[Record extracts]:
↓↓↓

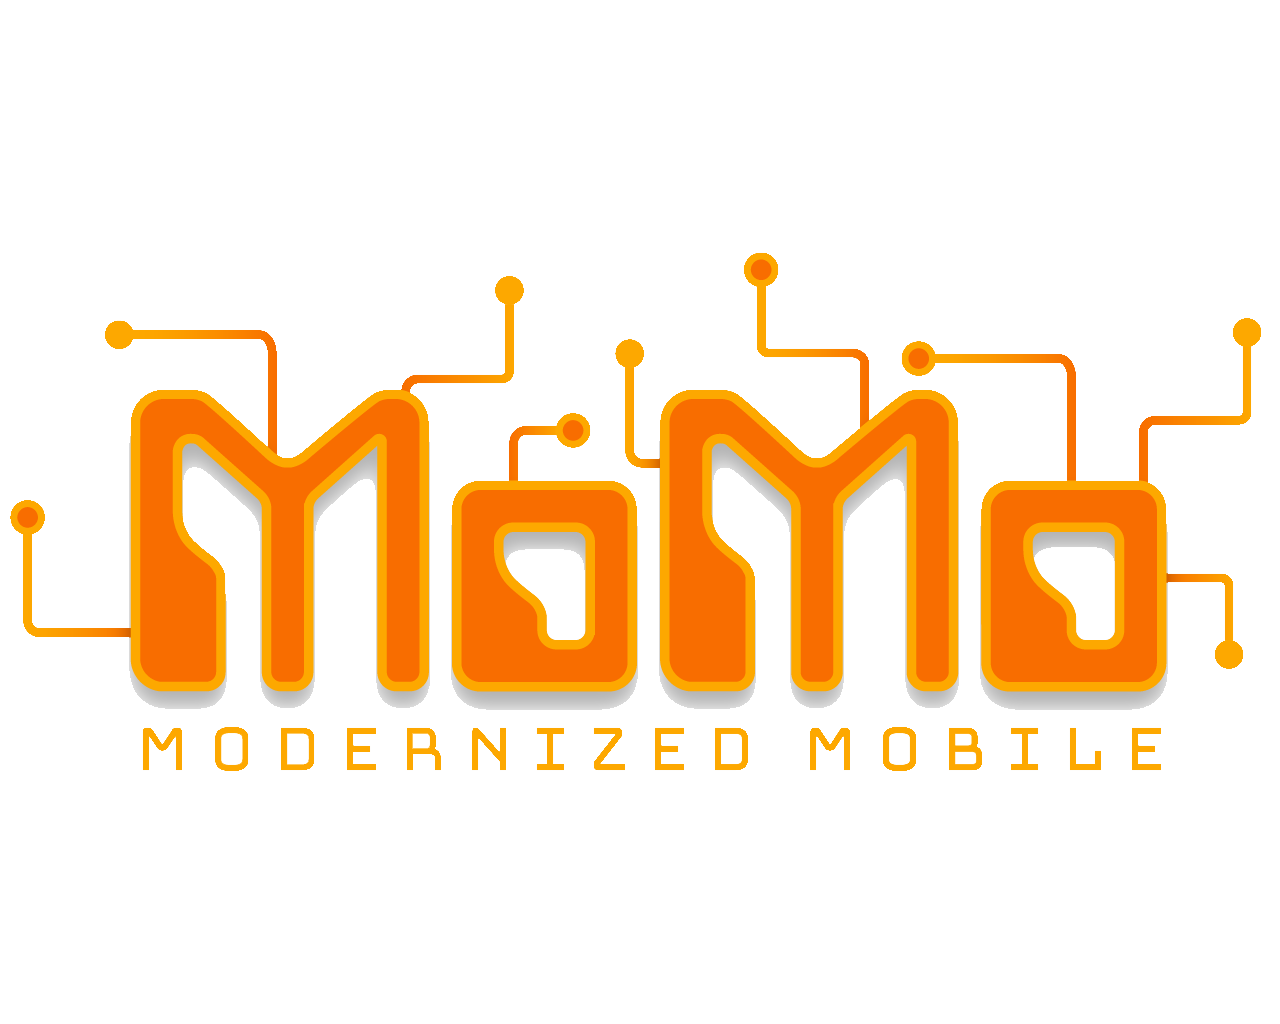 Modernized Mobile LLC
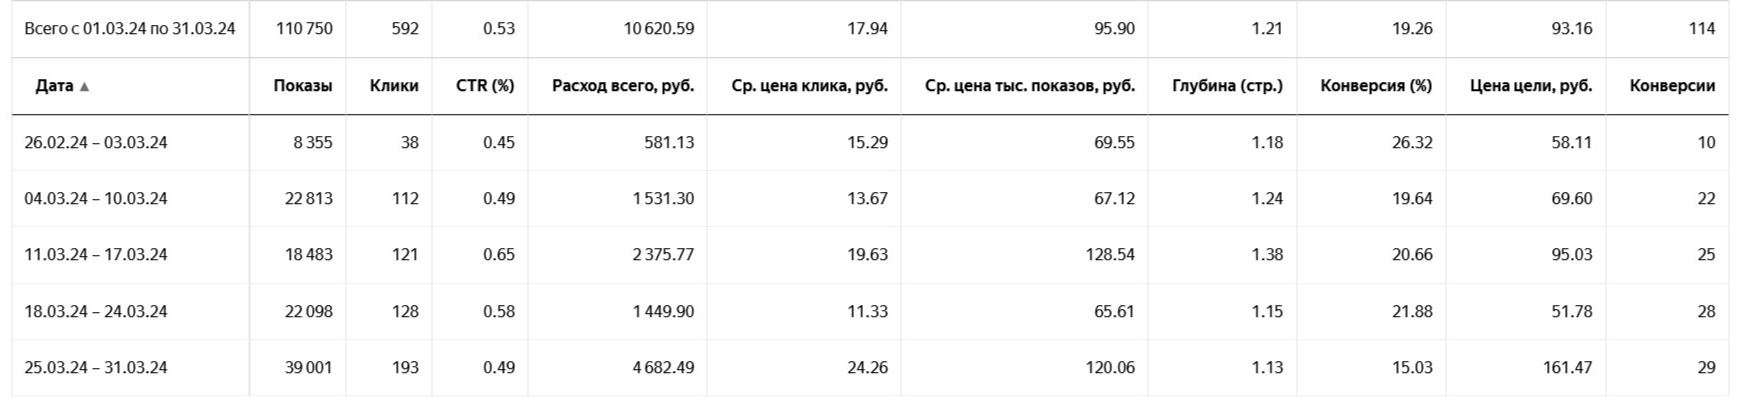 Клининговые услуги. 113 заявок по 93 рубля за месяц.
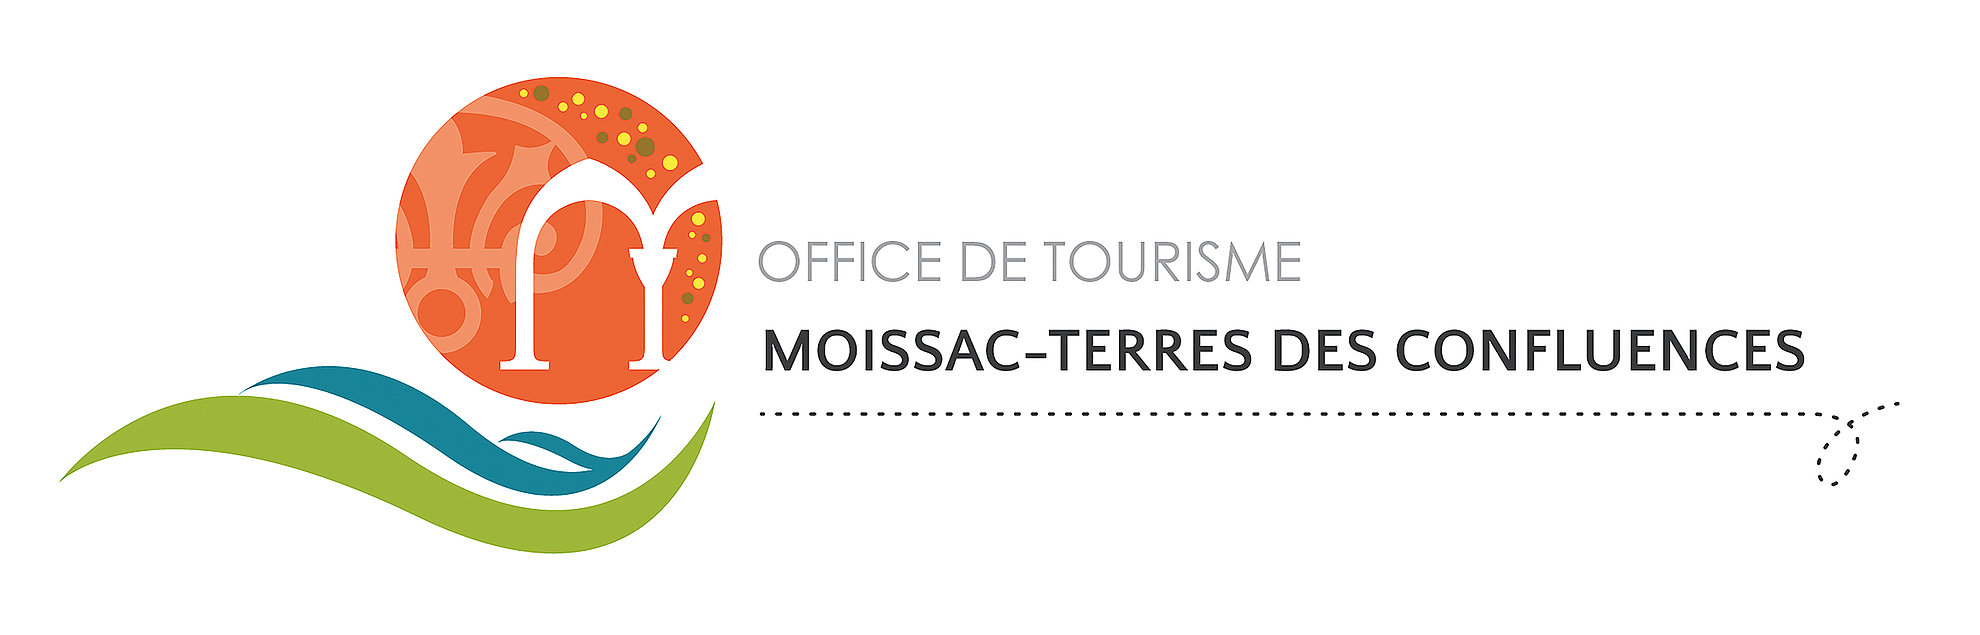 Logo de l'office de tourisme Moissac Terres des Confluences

↑↑↑
↓↓↓

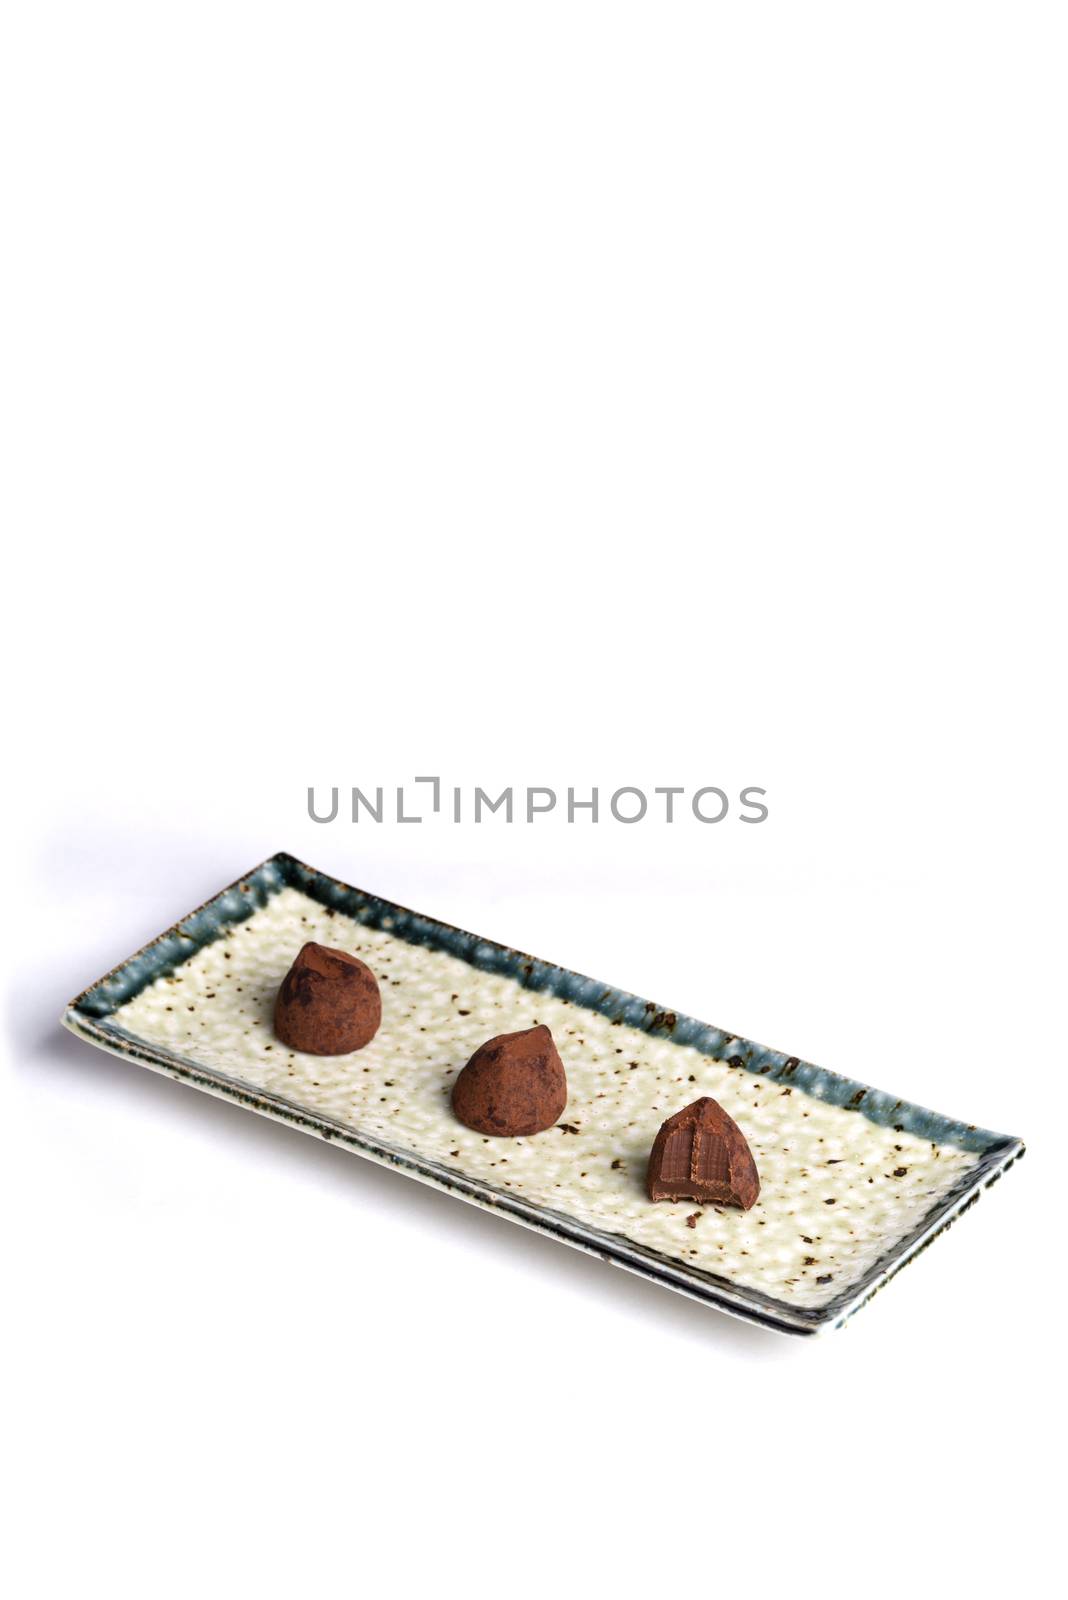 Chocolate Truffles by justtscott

↑↑↑
↓↓↓

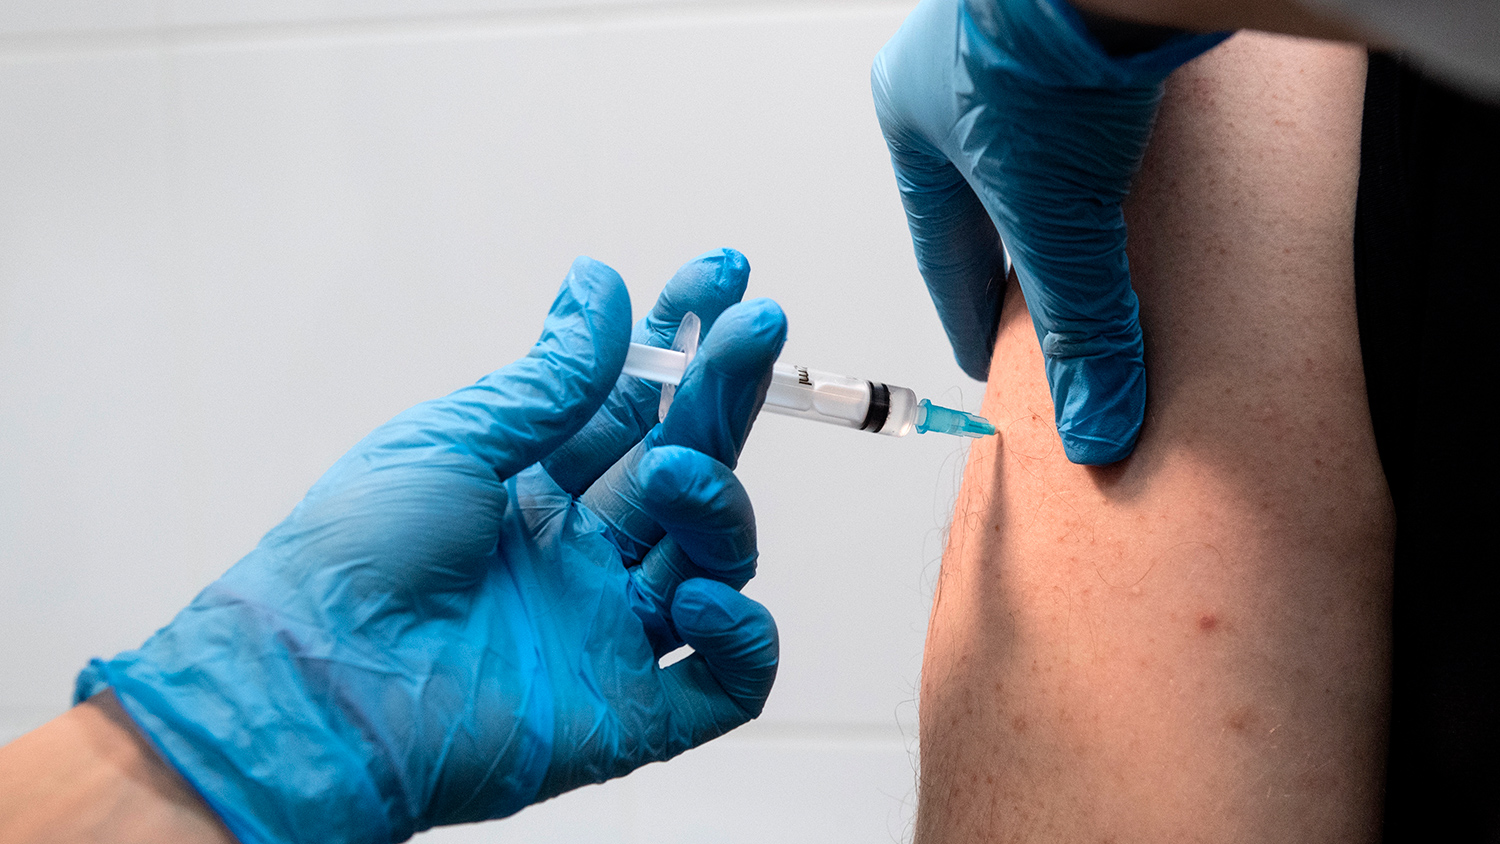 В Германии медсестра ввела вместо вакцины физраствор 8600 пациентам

↑↑↑

[Directions for this task]:
In the listing above, find the line with "Modernized Mobile LLC" and the line with "Logo de l'office". Output both, plus every line between them, and no pictures.

[Answer to the exercise]:
 Modernized Mobile LLC
 Клининговые услуги. 113 заявок по 93 рубля за месяц.
 Logo de l'office de tourisme Moissac Terres des Confluences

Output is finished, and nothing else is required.